- Directed by: Dick Huemer; Sid Marcus; Art Davis;
- Written by: Dick Huemer; Sid Marcus; Art Davis;
- Produced by: Charles Mintz
- Music by: Joe de nat
- Animation by: Art Davis
- Production company: Winkler Productions
- Distributed by: RKO Radio Pictures
- Release date: April 15, 1931;
- Running time: 5:46
- Country: United States
- Language: English

= Down South (film) =

1931 film

The Cartoon

Down South is an animated short film directed by Dick Huemer, Sid Marcus, & Art Davis and was distributed by RKO Radio Pictures. The cartoon is the ninth of the twelve Toby the Pup cartoons. The title comes from a 1901 song which is featured in the cartoon.

==Plot==
Toby is the pilot of a paddle steamer. One day he docks his boat at a harbor to pick up passengers. As he has to shake hands with just about everyone who comes aboard, Toby struggles to keep a smile on his face.
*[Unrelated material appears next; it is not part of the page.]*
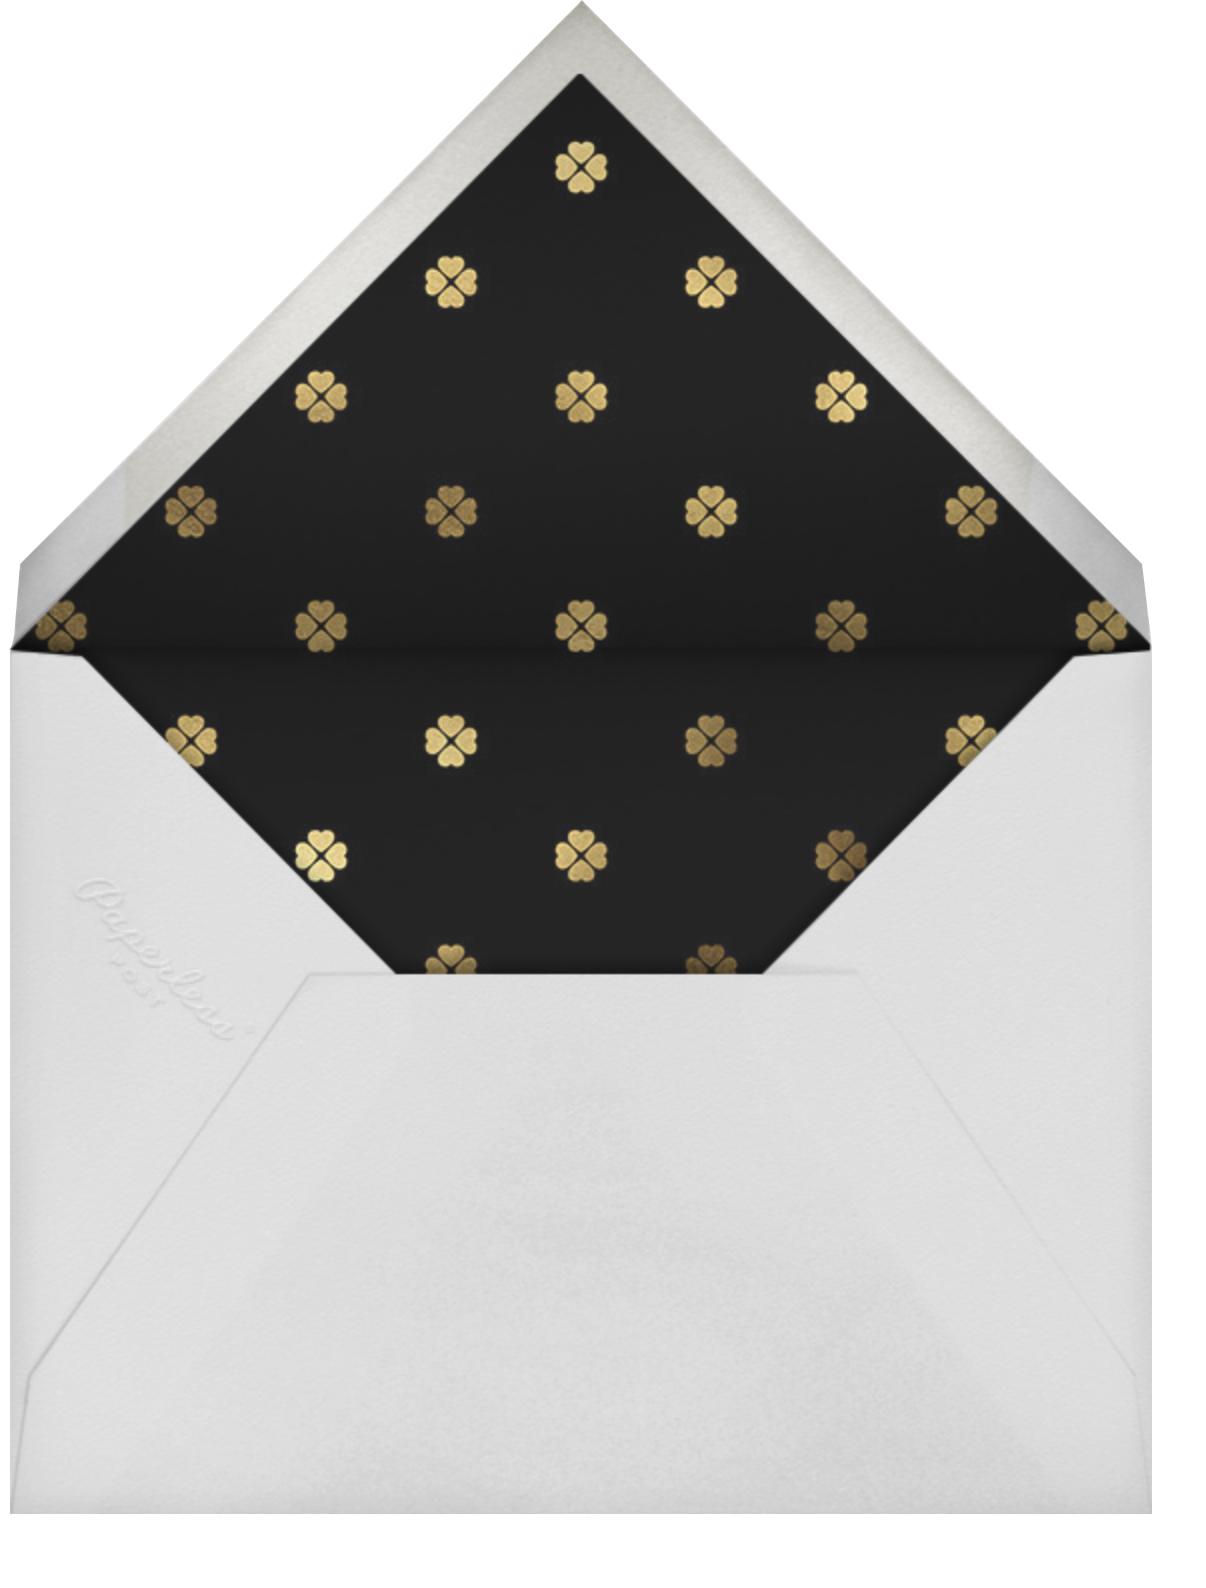 Let's Groove - Black - kate spade new york - Reception - envelope back

When the boat finally leaves the harbor, the passengers are treated to some entertainment as Tessie sings the song "Mississippi Mud" at the center of the main deck. Everybody else sings along too, and stomps as well. But as they stomp harder and harder, the boat starts to shake, until he dances along. The shake is so strong that almost everybody, including Toby, gets thrown overboard.
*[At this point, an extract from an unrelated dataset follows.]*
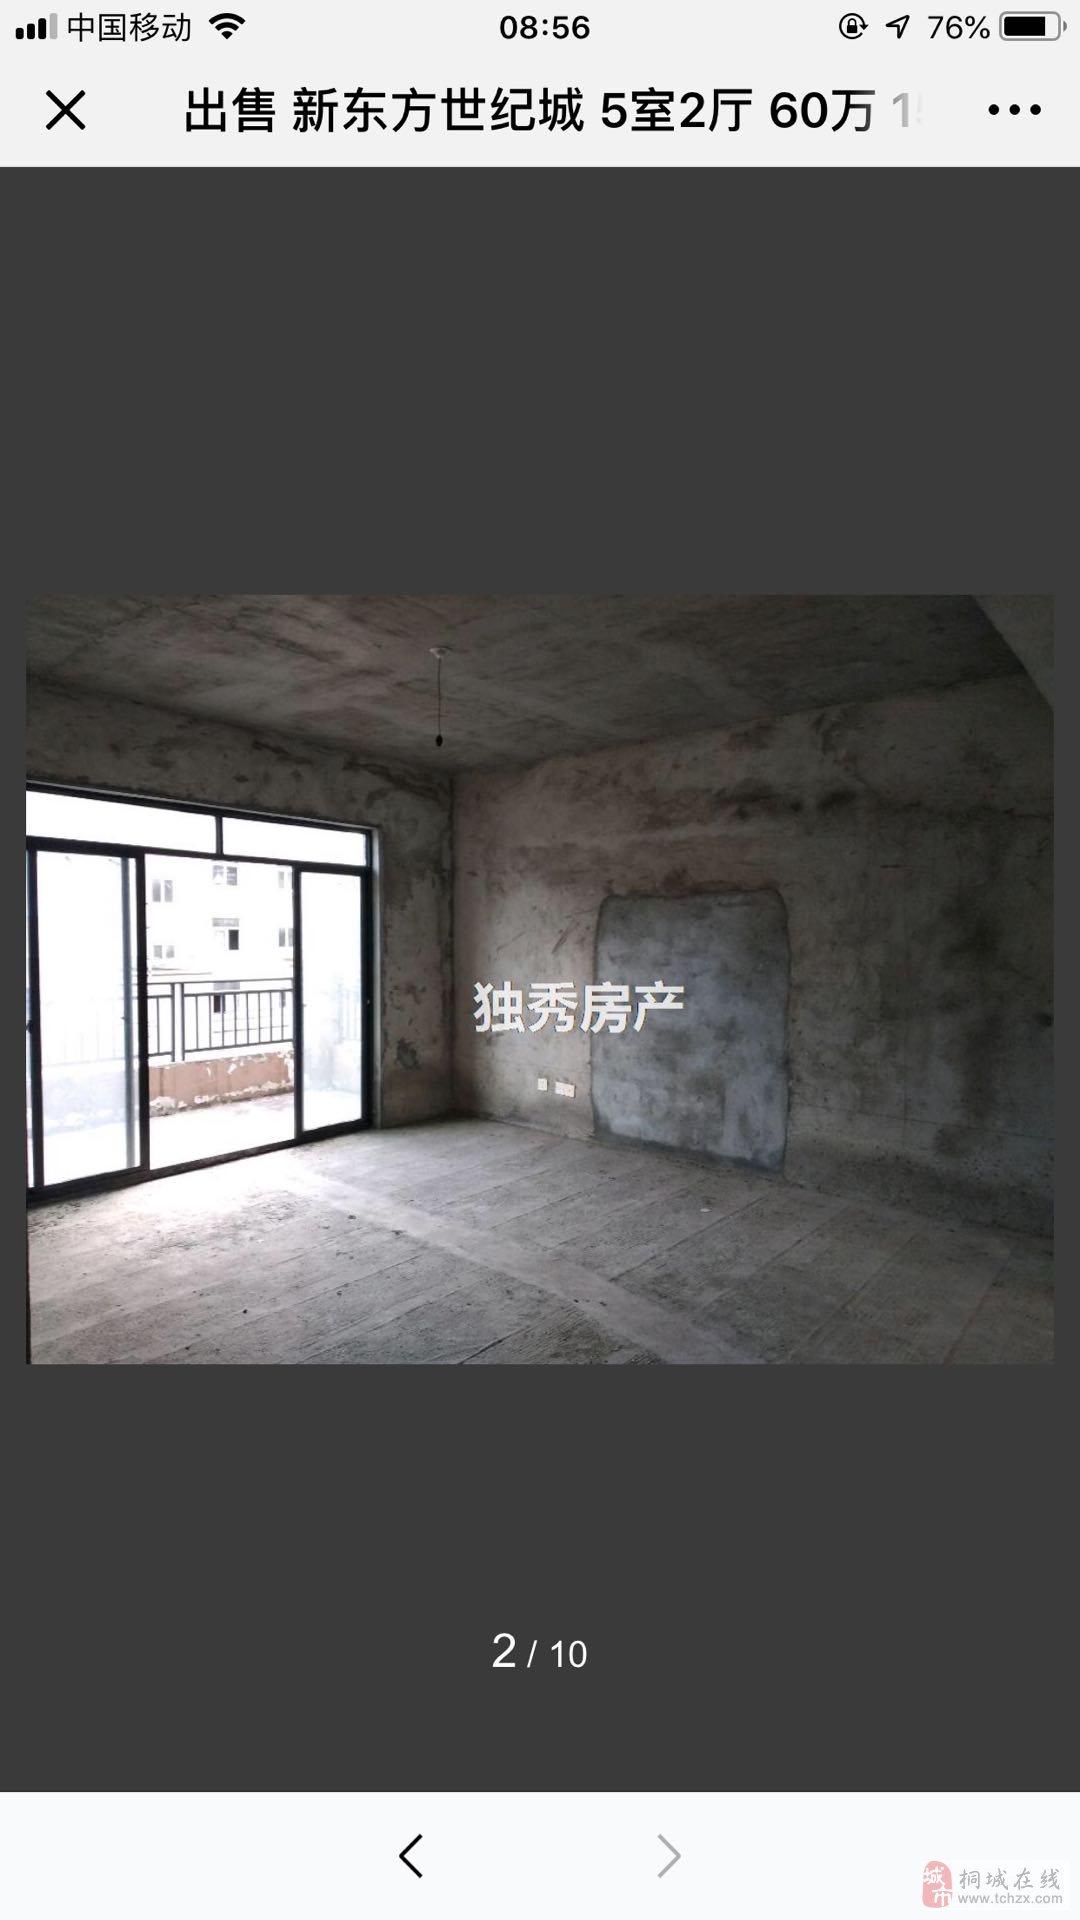 新东方世纪城5室2厅2卫60万元

The boat isn't completely vacant as Tessie is still on board. Not liking to be far away from her beloved Toby and by the movements of the boat, she yells for help. Toby, trailing behind, swims to reach her. The boat then approaches a waterfall but Toby is able to reach it and gets back on board in time. He then moves the paddle wheels from the sides to the front. As the boat reaches the edge of the waterfall, the paddle wheels at the front work like airplane propellers, enabling it to fly. Relieved of her troubles, Tessie kisses Toby.